[Sigiii-l] Global Information Technologies and Local Health Care Practices
Gianluca Miscione
gianluca.miscione at soc.unitn.it
Sun Oct 5 15:08:21 EDT 2003
Hi all,
maybe you can find of some interest the schema of the seminar I'm going to run here at the Sociology Department of the Binghamton University.
any response is welcome.
cheers
gianluca
P.S. if anyone is around here, is welcome to come!
Global Information Technologies and Local Health Care Practices
Gianluca Miscione - dadalo at tiscali.it
PhD candidate in Information Systems and Organizations
Sociology and Social Research Department
of the University of Trento
Italy
Visiting scholar at the Sociology Department
of the Binghamton University
New York State
U.S.A.
I am going to draw a trajectory that passes through some contemporary issues to arrive to my research.
In any communication can be seen two aspects:
1.. informational
2.. relational
The first one highlights the literal meaning of a message.
Ex: I write to somebody how to cook spaghetti
The second one pays attention to the broader social relevance of a communication act.
Ex: I'd like a foreigner friend reminds of me, I'm trying to spread Italian cooking, and so on.
The first aspect implies a formalized knowledge, which -by the way- maybe my grandmother could not have, although she cooked very well.

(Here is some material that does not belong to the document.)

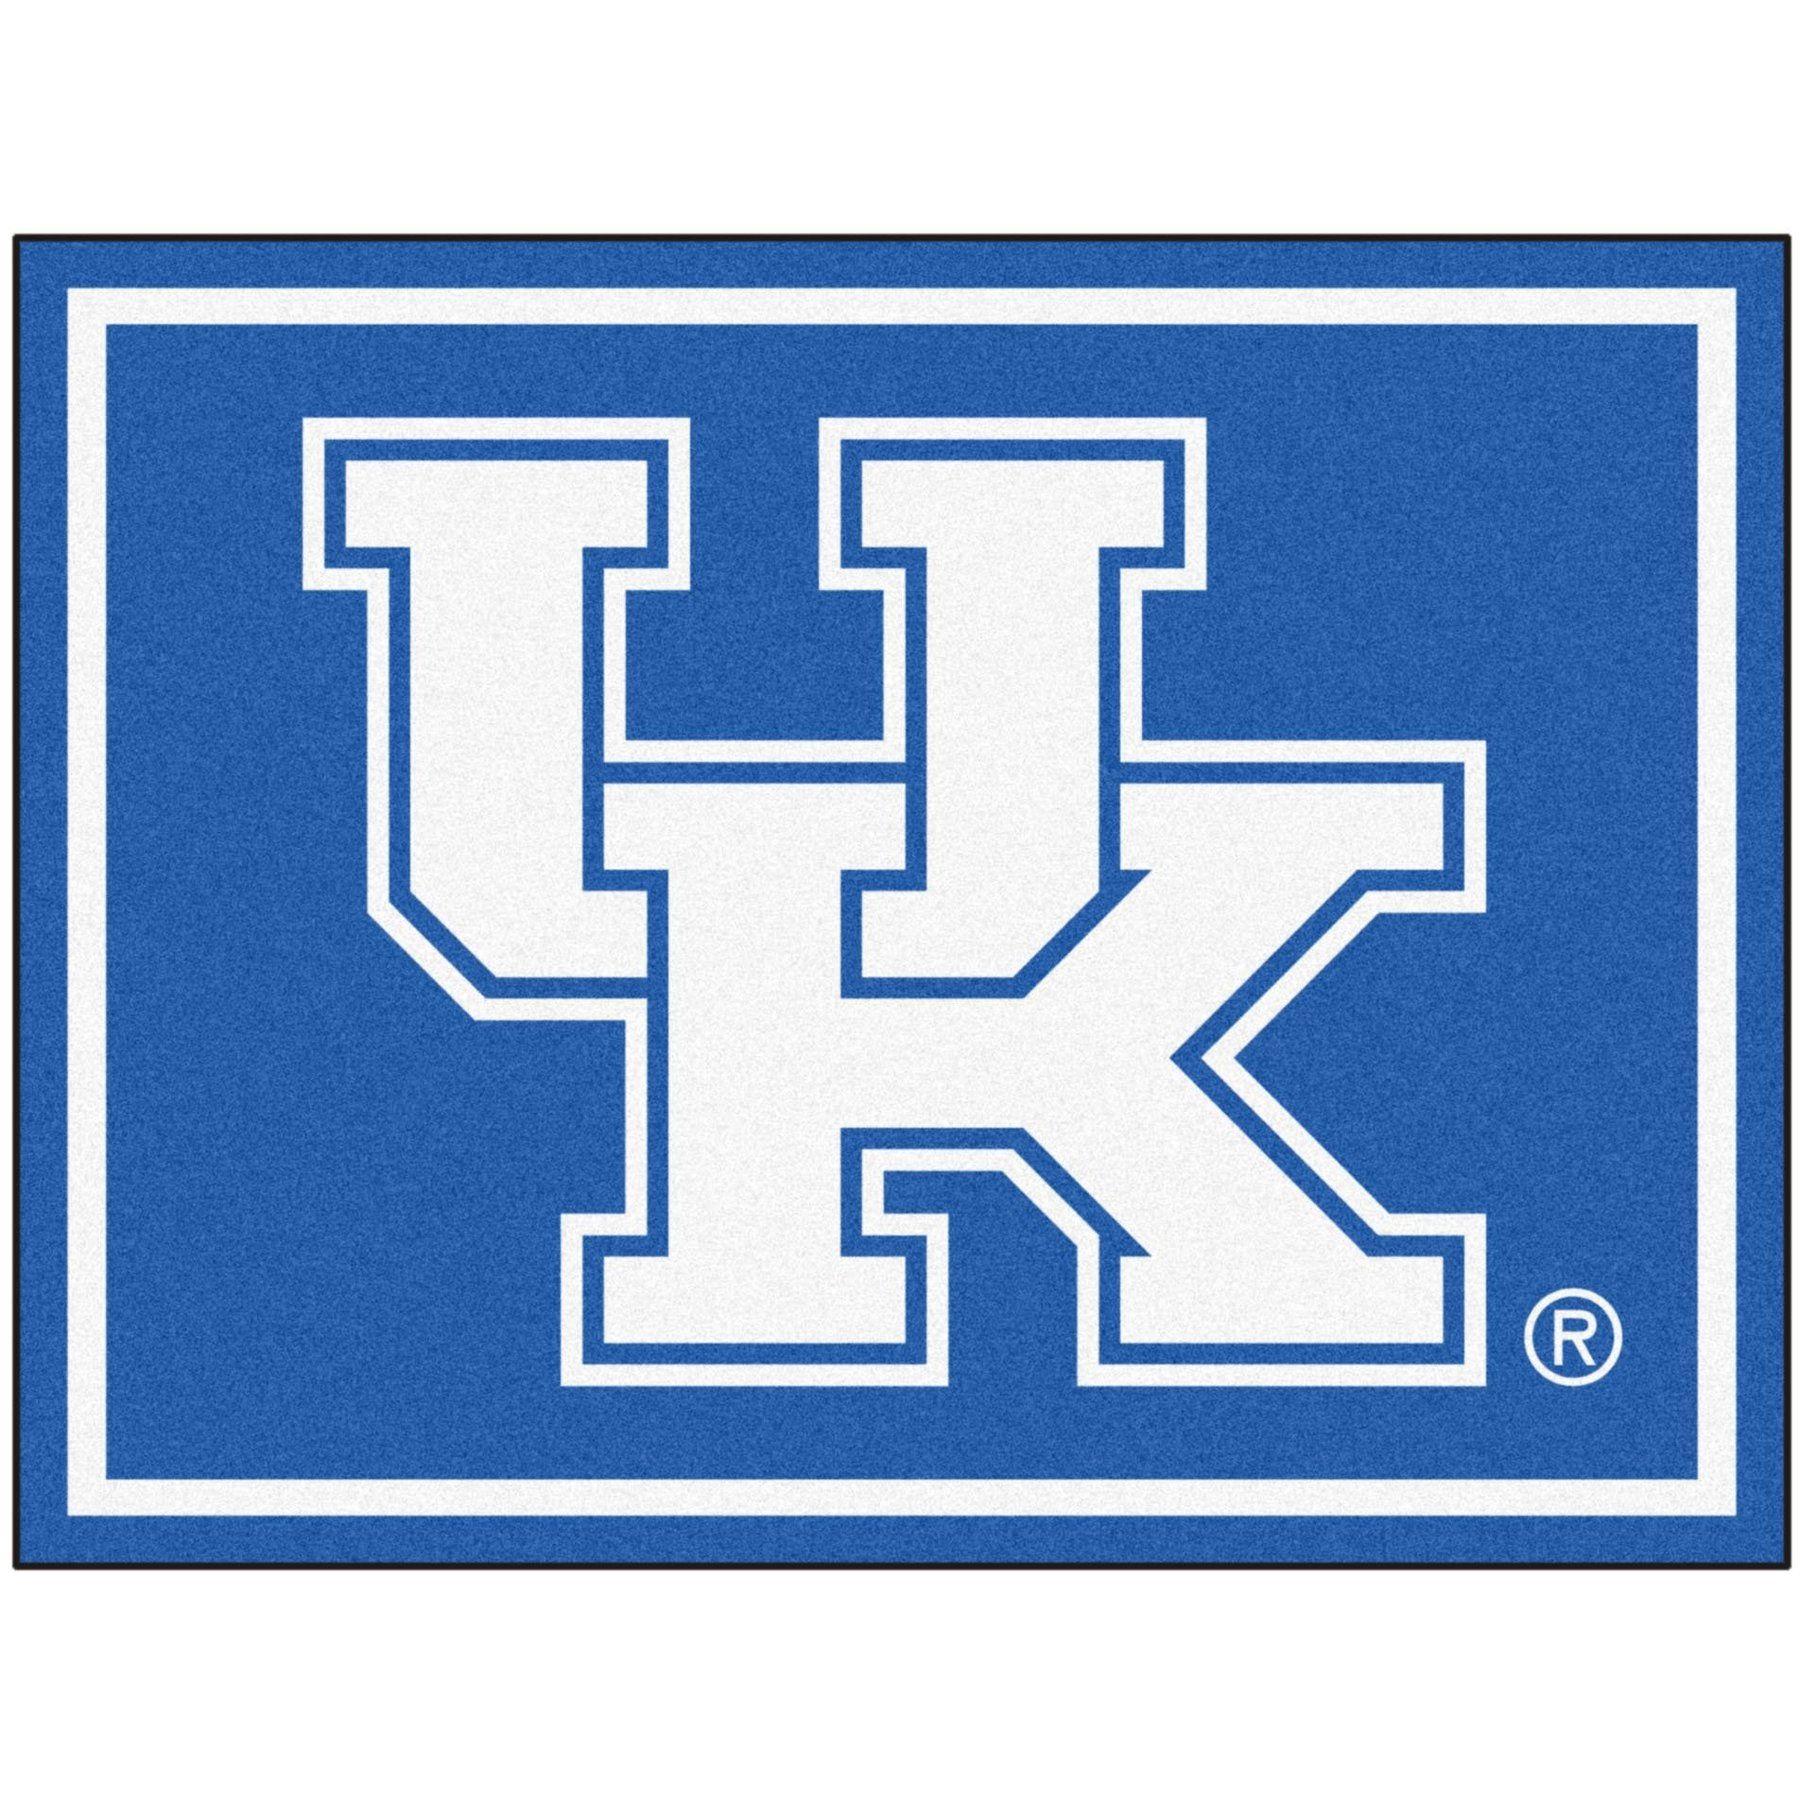 University of Kentucky Logo - University of Kentucky Giant Logo Area Rug
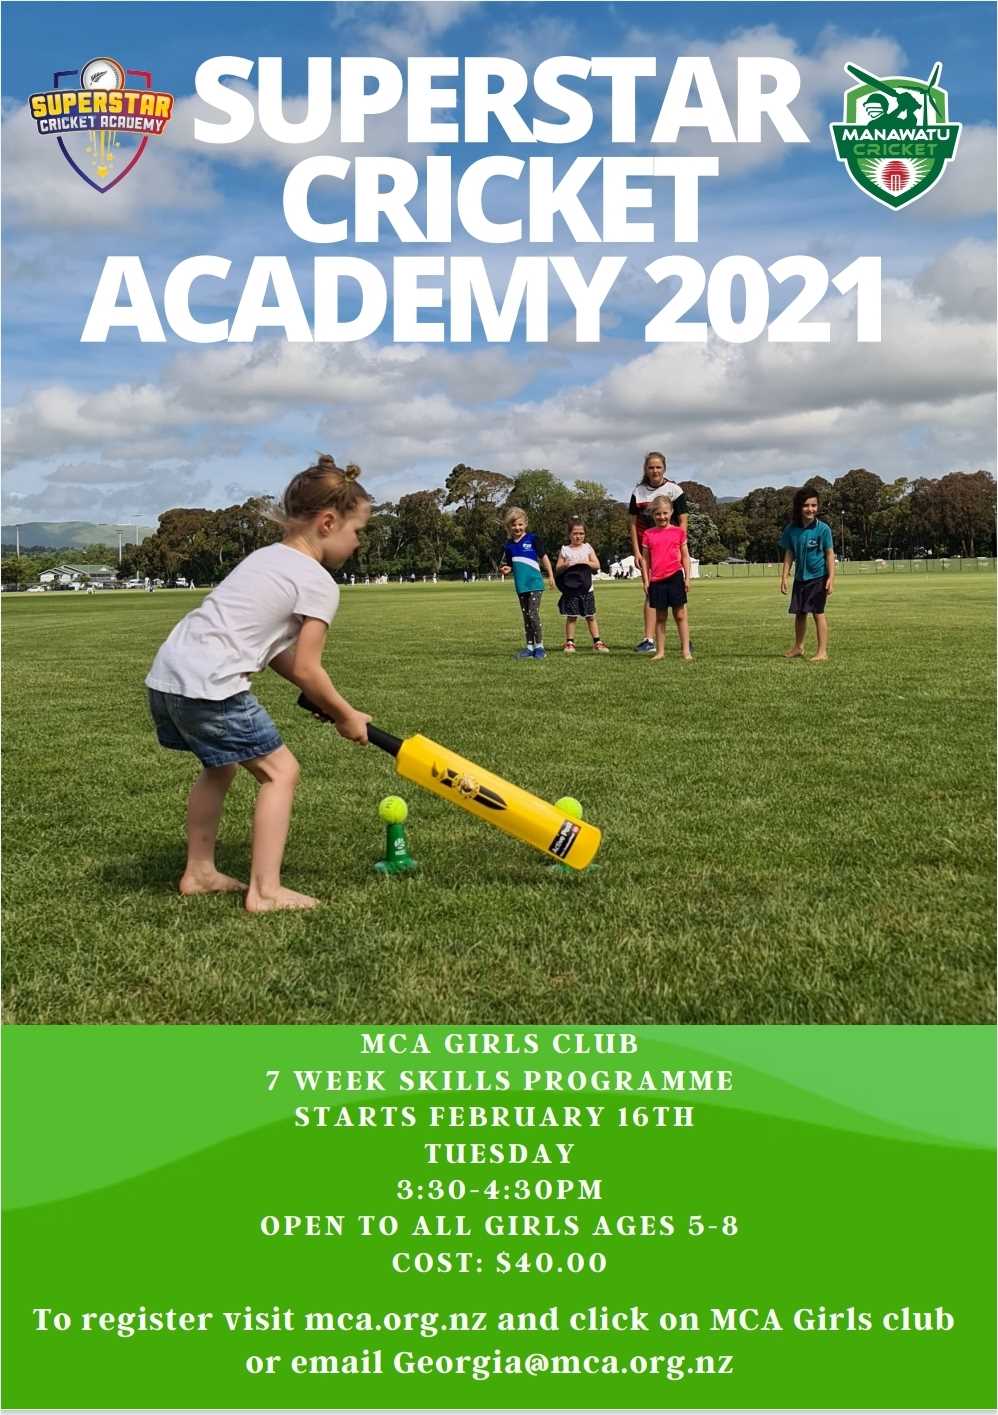 Superstar Cricket Academy 2021 MCA Girls Club

The second one tends to imply tacit knowledge and mutual understanding. Usually it is not explicit, it needs to be explicated when something goes wrong (ethnomethodology).
Even if cooking is not a science (although in Italy is being opened the "University of Taste") usually formalized knowledge is backed (legitimated, Weber) by Reason, nowadays, mainly Science.
On the other hand, the relational aspect of any communication mainly depends on the (social) context in relation with which it is meaningful.
So there is a dualism between universality and situatedness:
Informational aspects of communication
Formalized knowledge
Science
Universality
Relational aspects of communication
Tacit knowledge
Uses, practices
Situatedness
Usually information technologies, when purposely implemented, are (implicitly?) seen as consistent with the left column. Any piece of knowledge formalized and legitimized by science (or by a science-looking reasoning) can be transmitted everywhere, and it is supposed to be effective everywhere.
But scientific truth is a source of truth only where science has already arrived.
So it could be interesting to focus on relations among IT and practices instead of Knowledge.
What are practices?
Practice it is a buzz word to describe social relationships, it does not have a definite meaning; it is among action and habit, tacit and social, formalized and informal.
Practice is a skilled performance situated in a social context. It has material and symbolic elements.
Ex: the daily work of air traffic controllers is made up of practices, rather that procedures. Indeed a light kind of strike is following all procedures strictly, it always has the effect to delay all flights.
Practice is here a central concept because it is in the practices that knowledge is embodied.
Practices are resource and boundary of organized actions.
The concept of practice offers an useful perspective on how knowledge and power are embodied in social action.
Different social practices are very evident in the encounter of different cultures and through an information network.